Шрифт:
Закладка:
Ты что сегодня, спрашиваю, не в форме? Не в форме, отвечает, вообще такая полоса, штормовая, семейная, лиро-эпическая, бесформенная. Тут, говорит, стены казенные, ни сервиса, ни градуса, ни тонуса, хотелось бы посидеть с тобой в каком-нибудь уютном заведении, высказаться, обсудить насущные проблемы, что мы, надеюсь, и провернем. Вот выйду, говорит он, из штормовой полосы. По рукам?
Ну, выходи, выходи.
А Подгородецкий, по всей вероятности, явится, я его жду и тем временем обмозговываю повод для вызова, если все же не явится.
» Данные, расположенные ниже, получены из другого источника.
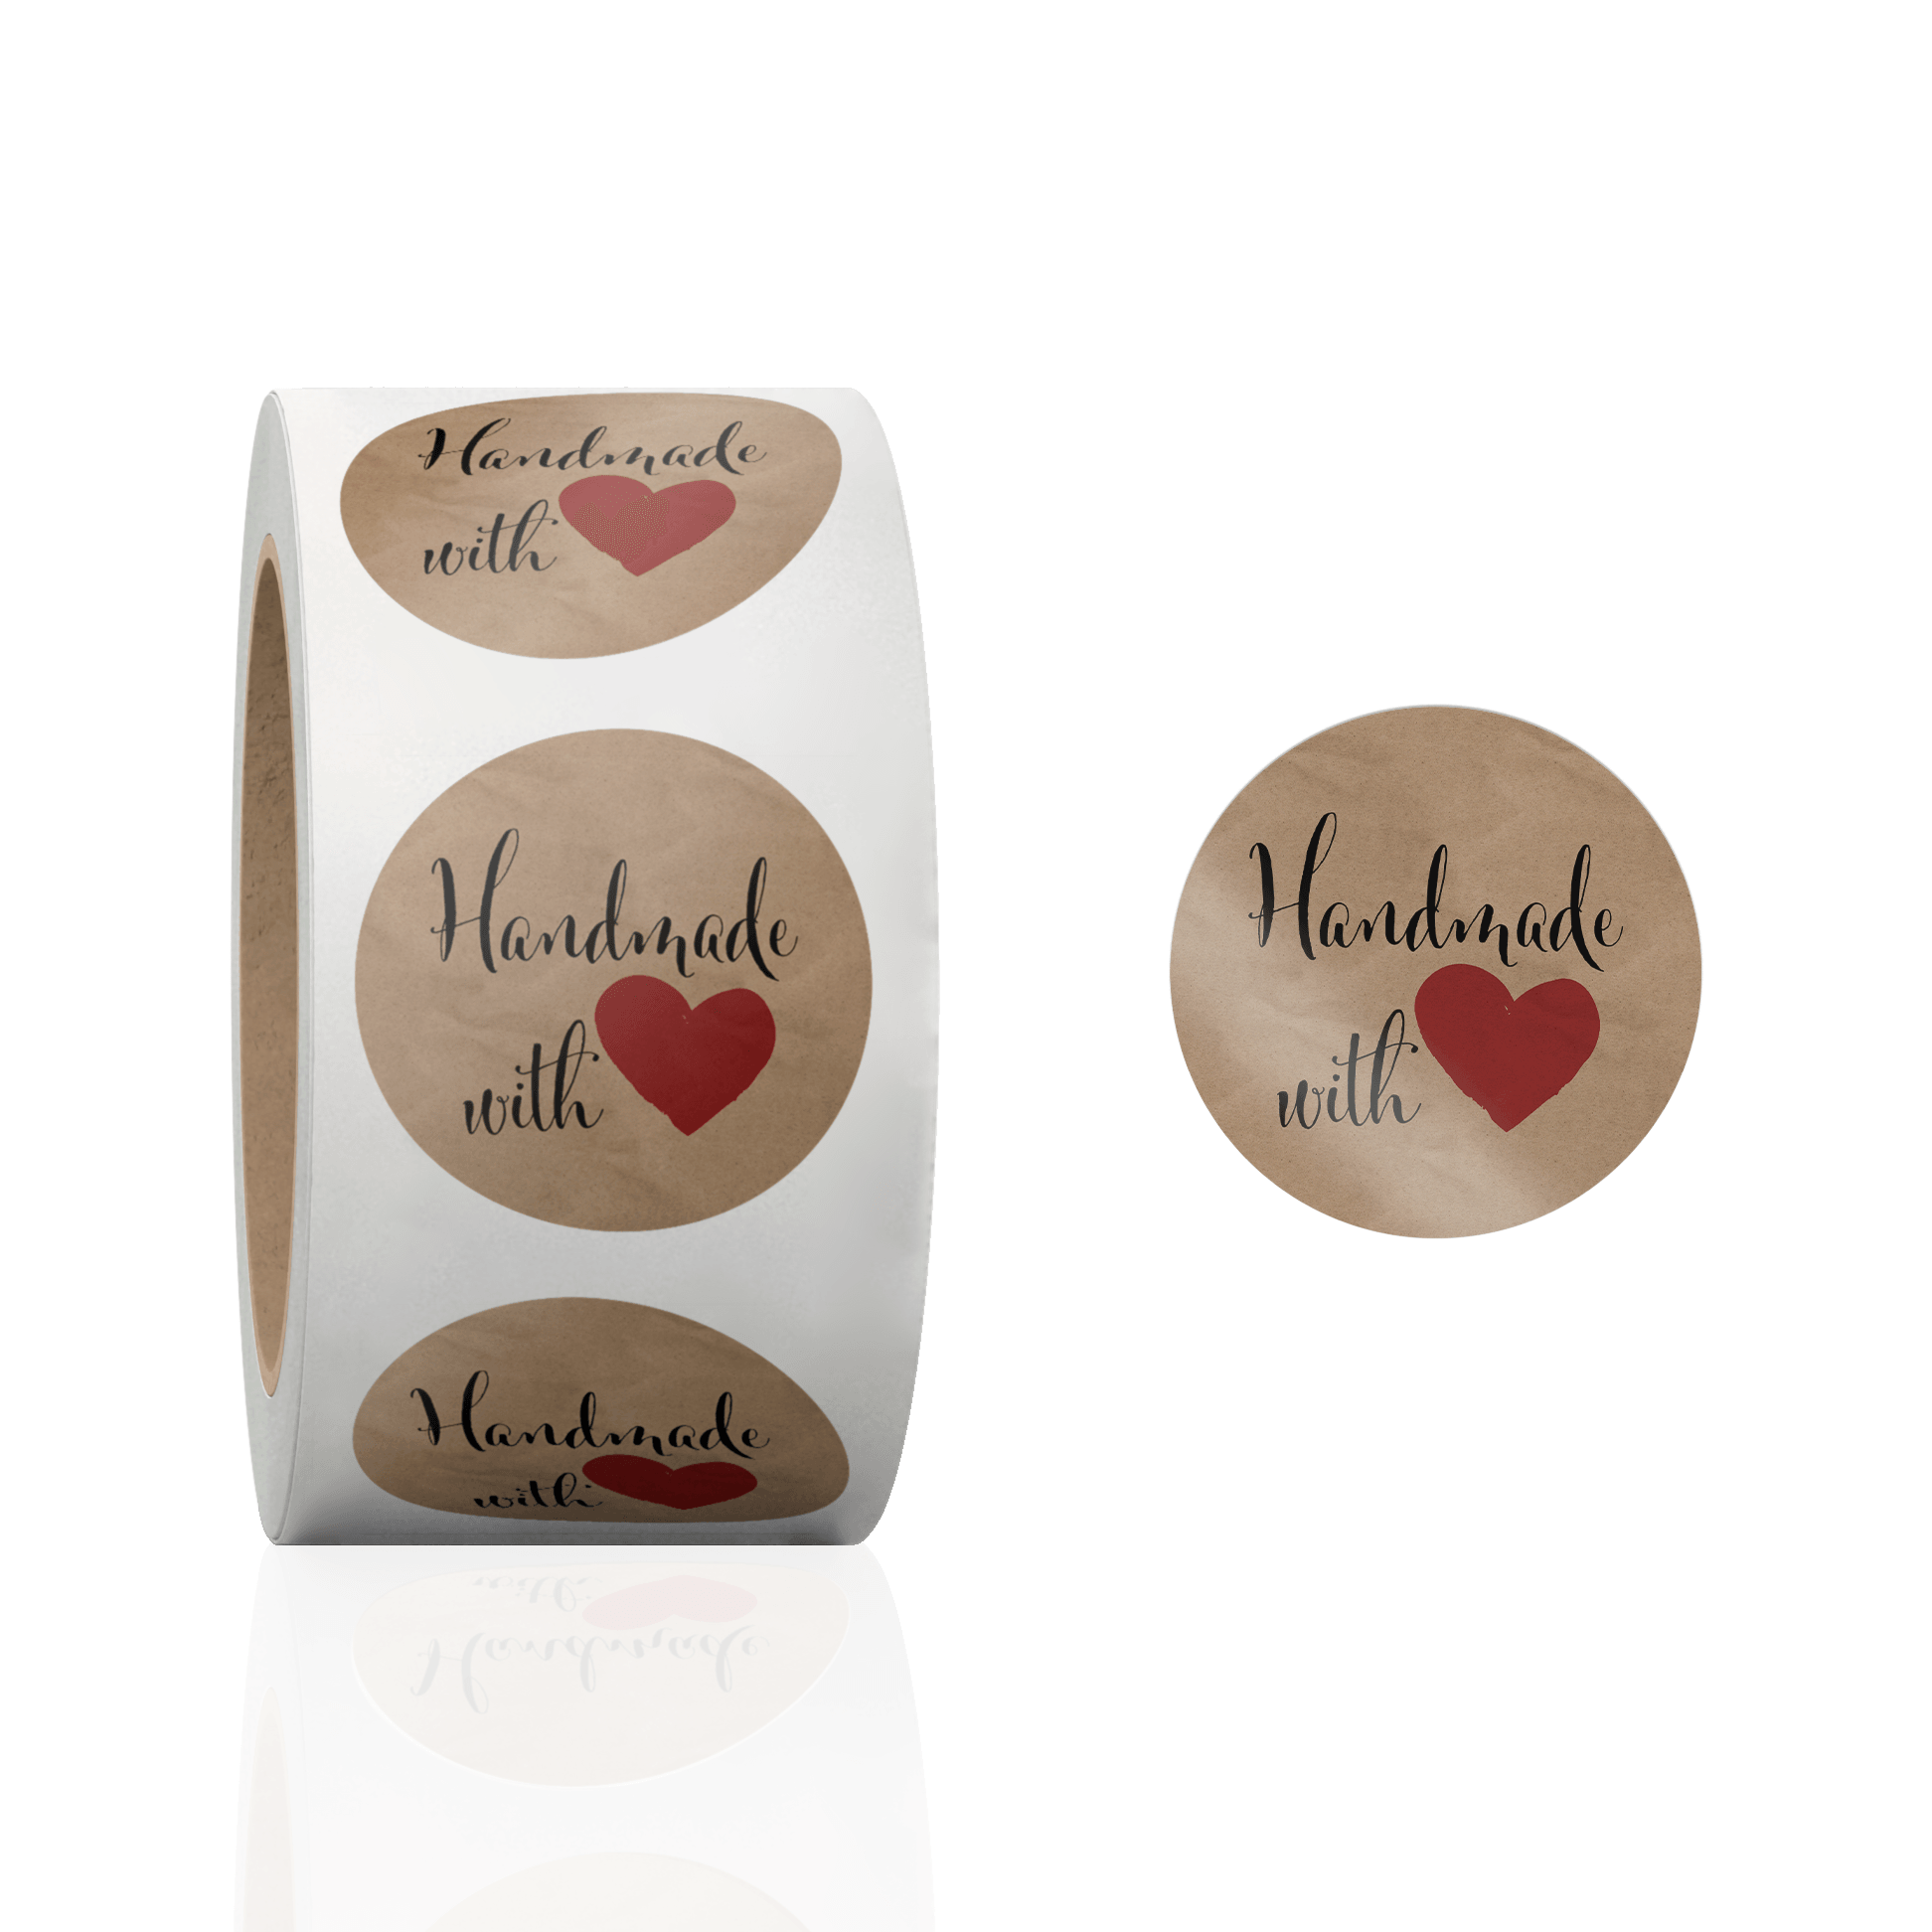 1.5 Handmade with Love Stickers Roll - Packing Stickers - Thank You Labels for Favors - Small Business Thank You Stickers | 500 Pcs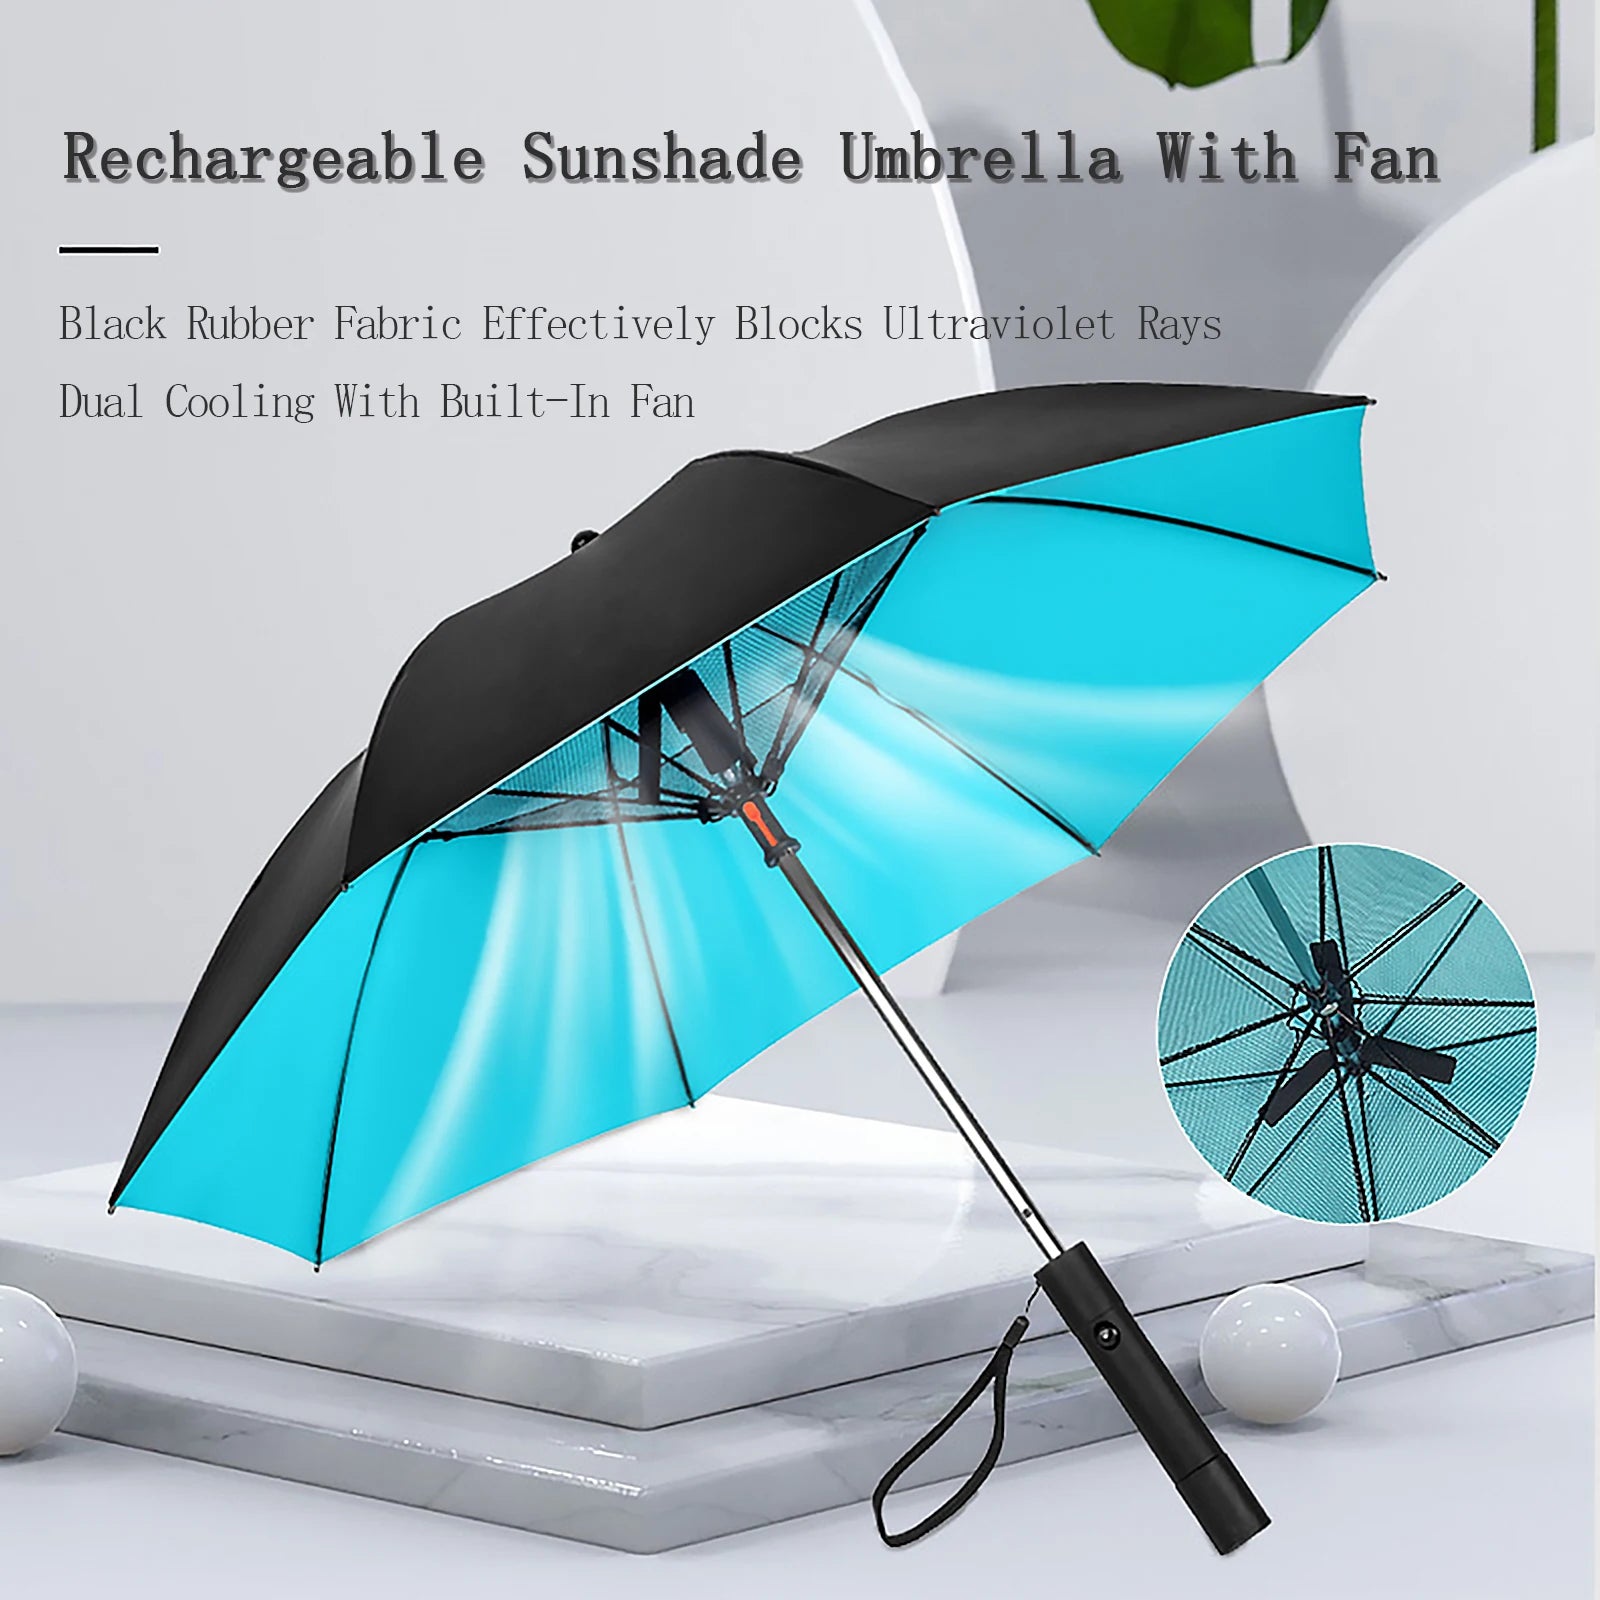 Rechargeable black and turquoise umbrella with built-in fan, UV protection, and dual cooling system for outdoor use.

В прошлый раз в расчеты мои не входило сообщать ему, что личность потерпевшего нами установлена. Ну, положим, сообщу. Положим, обязан поинтересоваться, нет ли в связи с этим каких-либо дополнительных соображений у свидетеля. Повод?
Зря усердствую: является без вызова — на следующий день.
Вот видите, улыбаюсь учтиво, мы с вами, Геннадий Васильевич, как в воду глядели: суждено еще побеседовать, — а у него брови сдвинуты, губы поджаты, присаживается к столу без улыбки, но на лице скорее решимость, чем угрюмость.
Затем он откашливается, поправляет галстук, подчеркивающий значительность нашей, по счету третьей, беседы, но произносит бесцветно:
— Разрешите сделать заявление?
Он, разумеется, не подозревает, что я обо всем осведомлен уже Мосьяковым, подготовлен, вооружен до зубов. Он думает, как бы подступиться ко мне, а у меня все продумано. Если, конечно, его заявление не будет противоречить той версии, которую он изложил Мосьякову.
Нет, не противоречит.
Записываю.
Он строг, бесстрастен, речь заучена, и не скрывает, что заучена, руки недвижно лежат на коленях.
— От предыдущих своих показаний отказываетесь? — спрашиваю.
— Отказываюсь, — вздыхает. — Как ни тяжело признать. Находился под страхом ответственности за безвременную кончину ни в чем не повинного гражданина.
— Точнее.
— Гражданина Ехичева Степана Тимофеевича, известного моей покойной супруге по Ярославлю.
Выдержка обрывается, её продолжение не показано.